━━━ Collected material

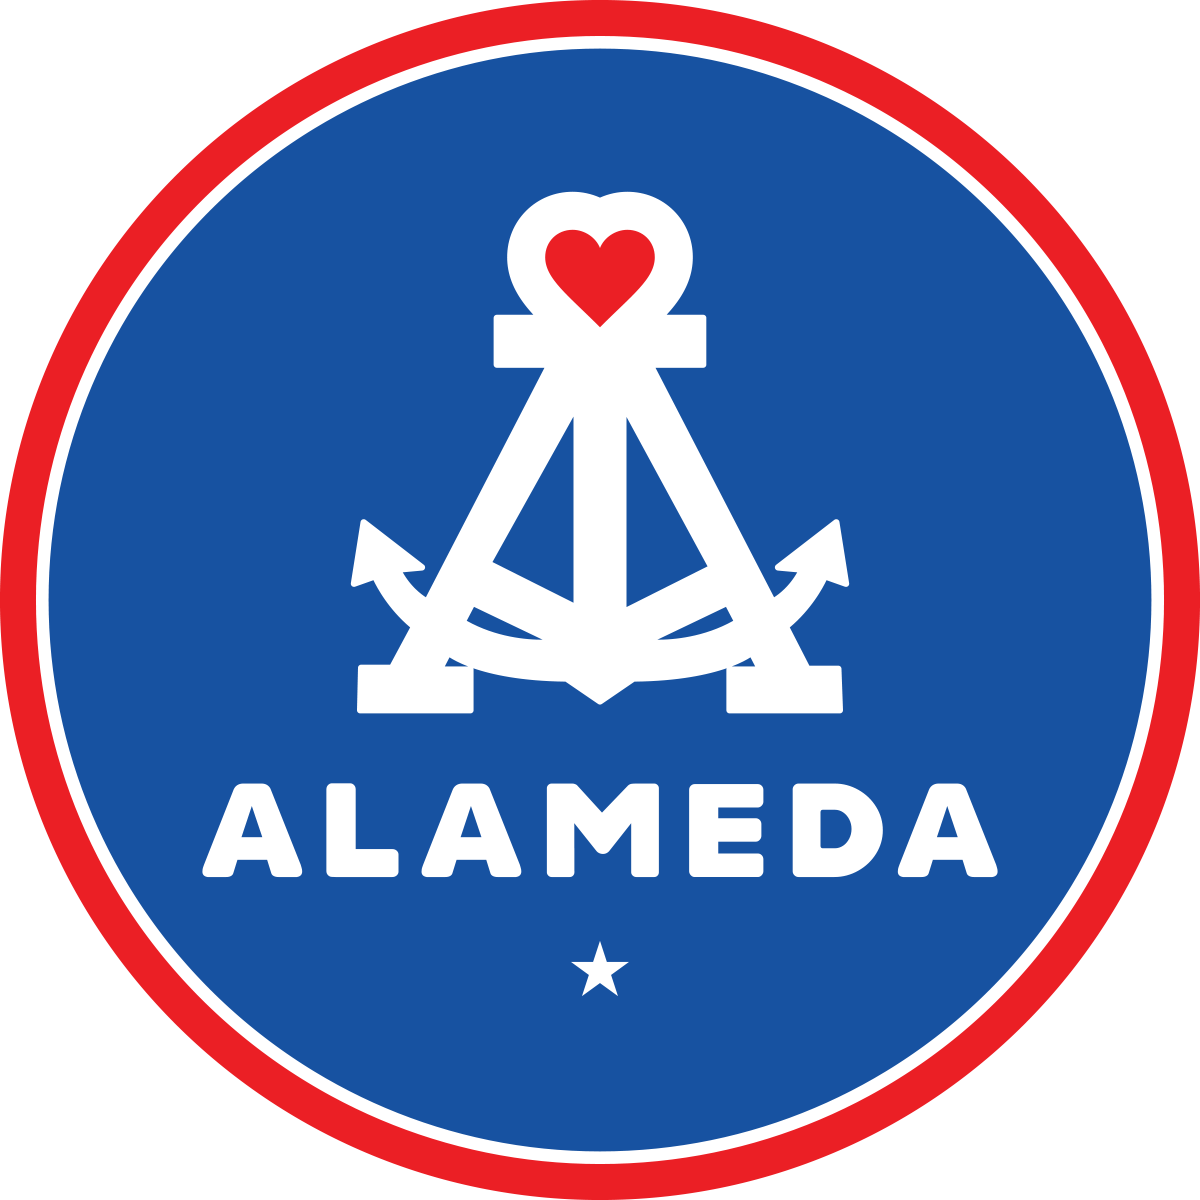 alameda-heart-2inch-logo.png
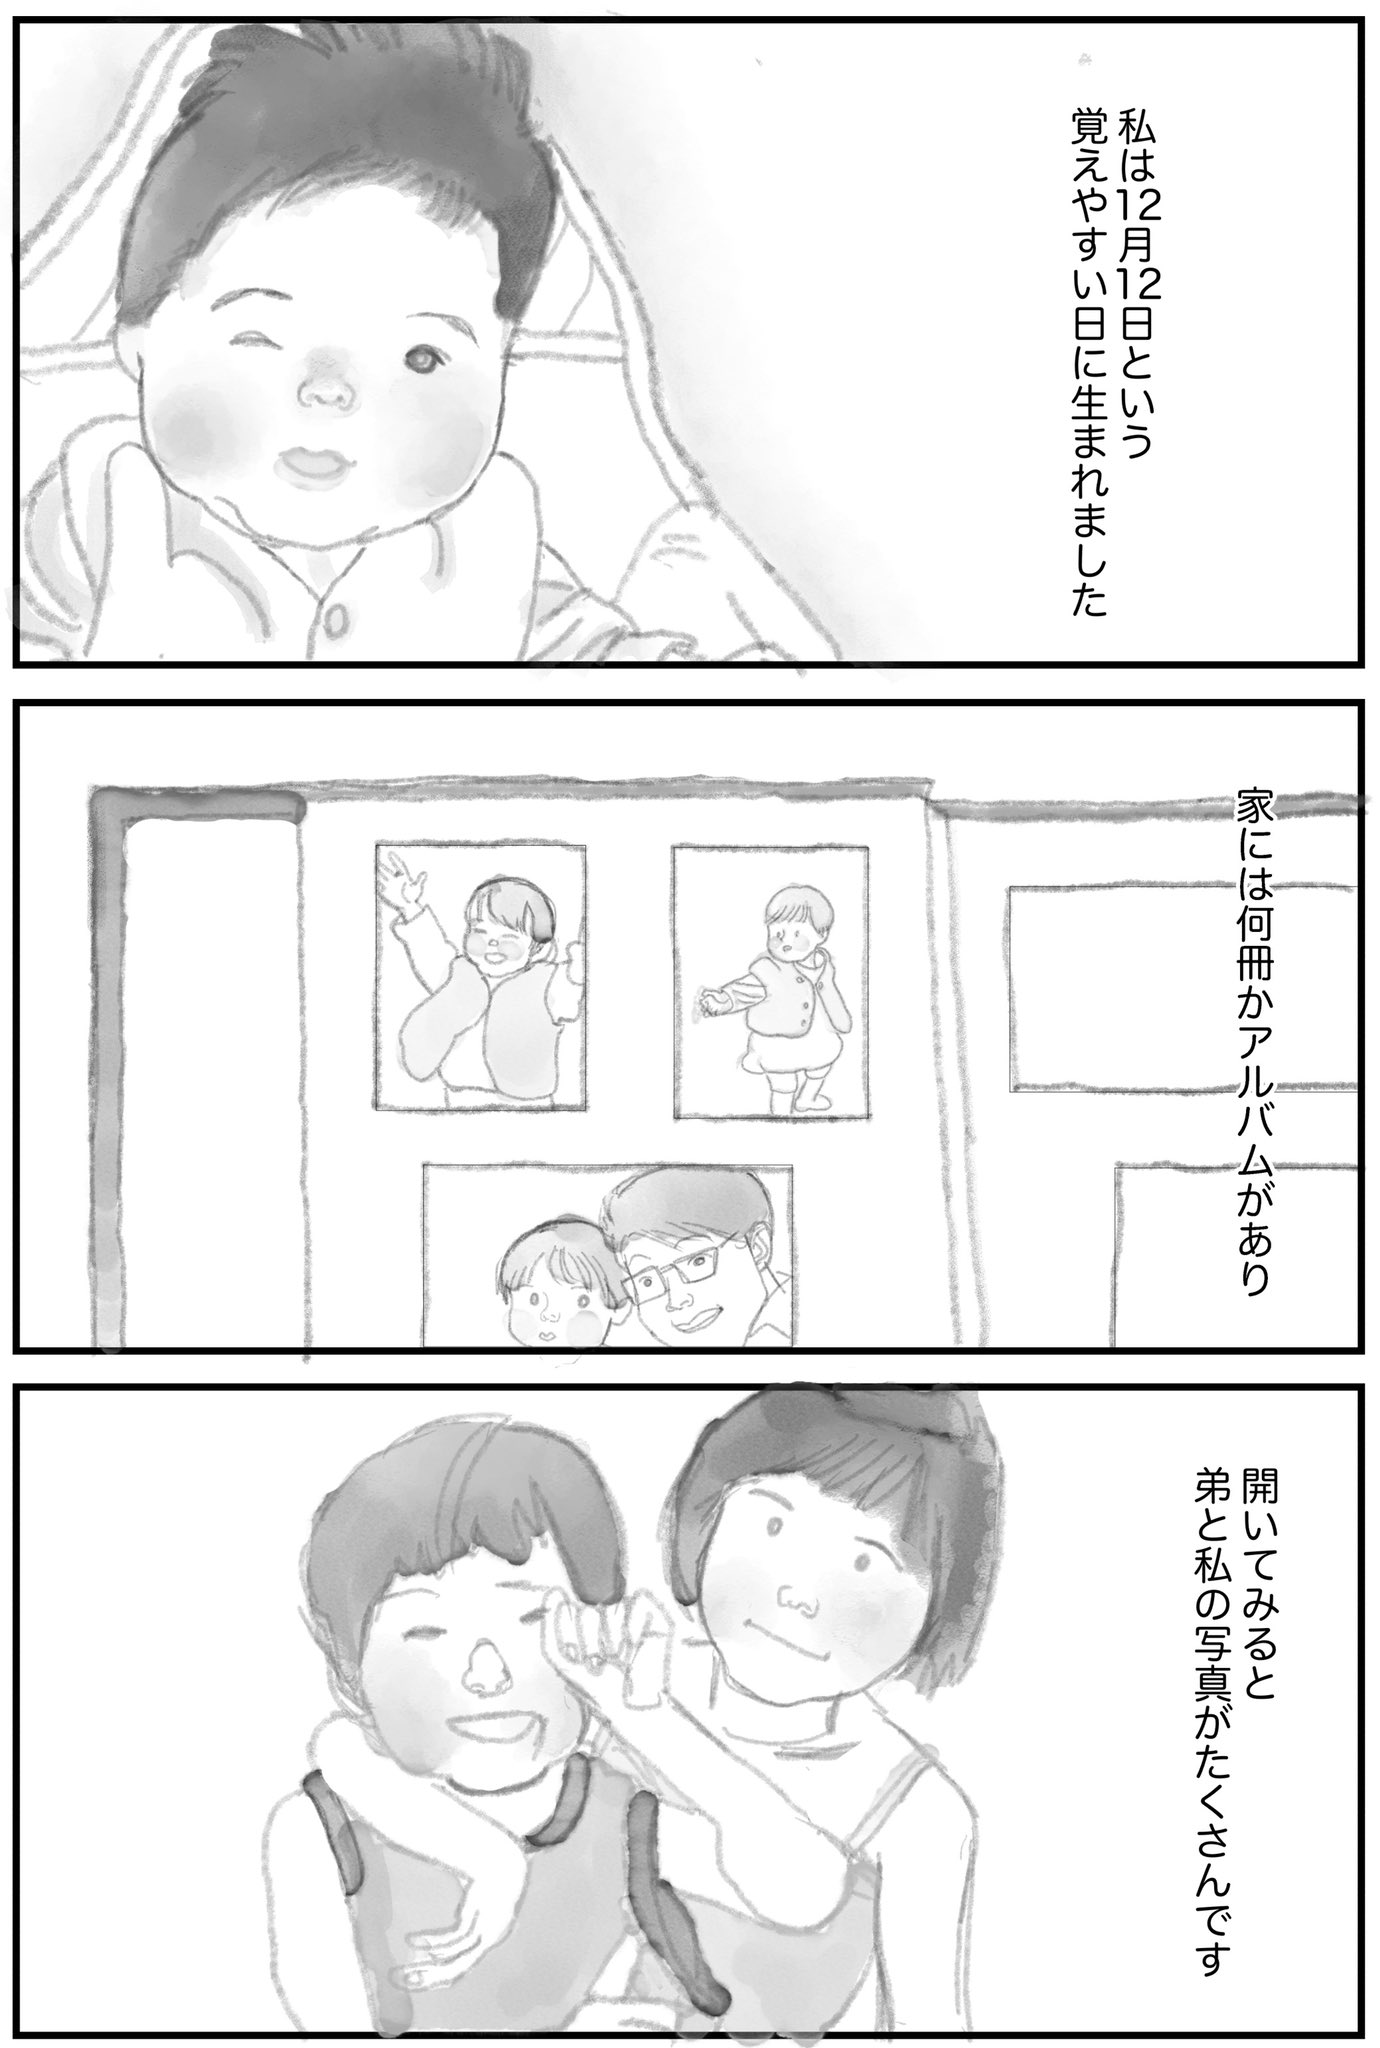 Himacoさん 漫画 1話
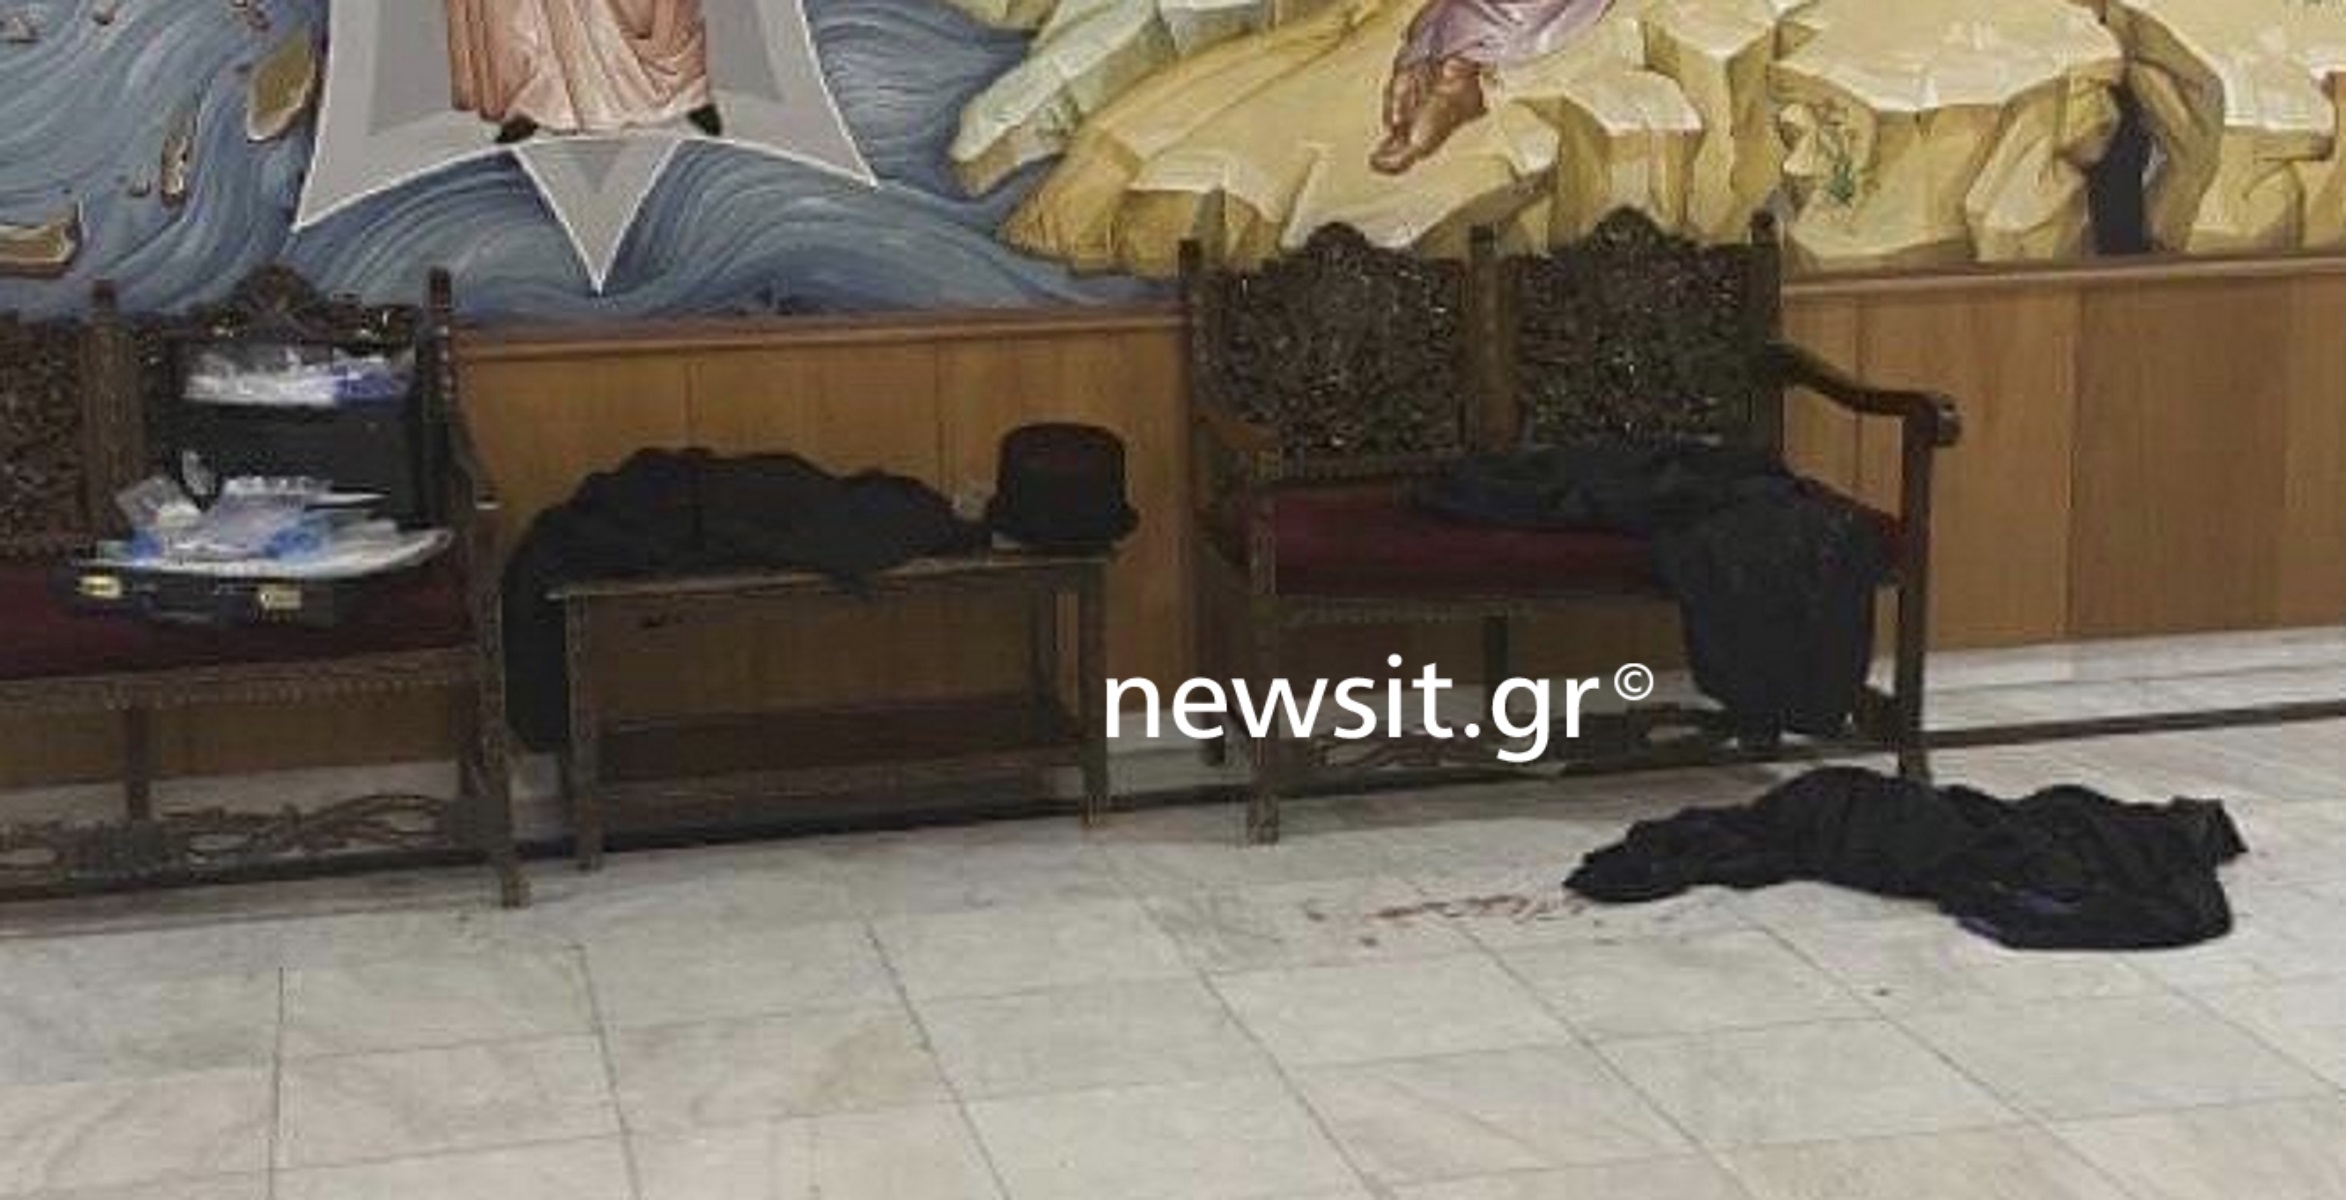 Μονή Πετράκη: Αίματα και ράσα στο πάτωμα – Οι πρώτες εικόνες μετά την επίθεση στους Μητροπολίτες

━━━━━━

## [Task to complete]
Output the full listing verbatim, but drop the images.

## [Solution to this problem]
 alameda-heart-2inch-logo.png
 Himacoさん 漫画 1話
 Μονή Πετράκη: Αίματα και ράσα στο πάτωμα – Οι πρώτες εικόνες μετά την επίθεση στους Μητροπολίτες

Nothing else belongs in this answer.